Say the cross section carries a vertical shearing force of 40 kN. And say I want to find the value of the shear stress just below the section a-a.
I am very confused about which area $(A)$ to take When calculating $Q = y \times A$ in the $\tau = \frac{VQ}{It}$, shear force equation. I have drawn 2 sketches and can someone please explain which one is correct?
Also where is the maximum shear in this case, I assume in a location where the width is small? ie the upper rectangle?
You shall first identify the location of the NA, then calculate the Q by either considering the shaded area above "line-a", or the unshaded area below "line-a". If you are doing correctly, Q for both areas should be identical, so the stress over the neck area (b = 50 mm).
Discussion:
In order to resolve your confusion on this matter, we need to explore the significance of indicating the direction of shear/shear stress.

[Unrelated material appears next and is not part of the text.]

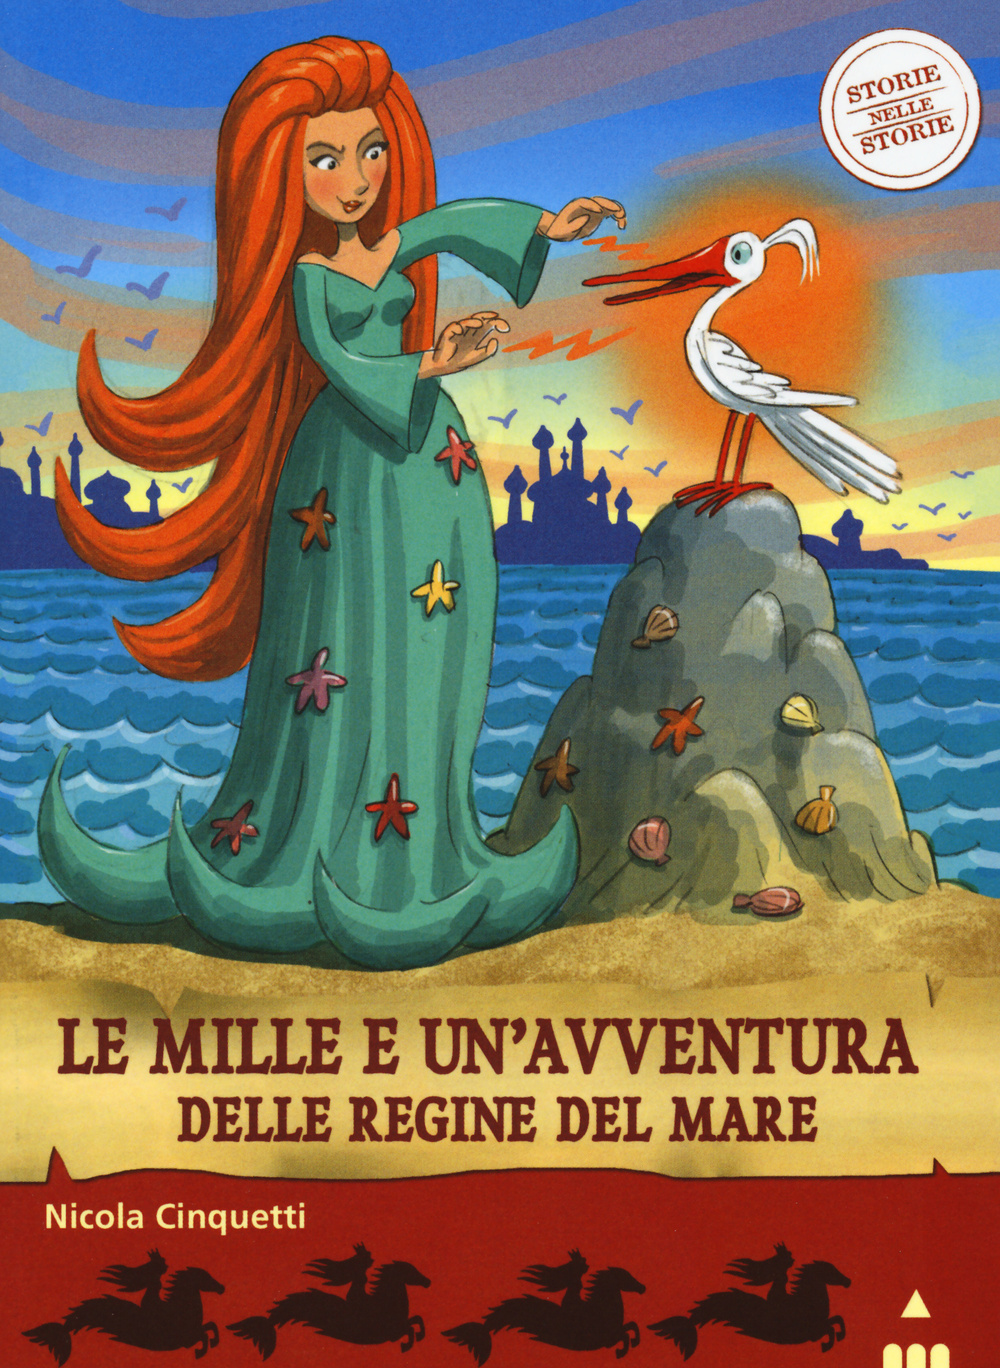 Le mille e una avventura delle regine del mare. Storie nelle storie

Shear force/stress occurs on a plane within a rigid body, on that plane, the segment above moves in one direction and below moves in another direction. This phenomenon can be observed in the graph below, which shows a deformed/deflected beam in the longitudinal direction.
Conclusion:
So, does indicating the direction of shear stress have significance?
Yes, when there is the need to show the direction of the stress graphically as in the sketch above, and in 3D cases.
No, there is no significance for the general purpose of calculating shear stress for checking stress level or for design. For which $Q = \sum A|d|$, and $\tau = \dfrac {V|Q|}{Ib}$ are routinely used without the directional indicators (+/-signs) attached to the $V, Q, d$ terms.
Hope this helps.
By definition shear flow on a beam's cross-section is the same on the two sides of any horizontal plane.
eg, the top surface is trying to move to the right, the bottom surface is reacting by trying to move to the left with an equal amount of shear to maintain equilibrium. Otherwise, the beam will start to move to the left or right.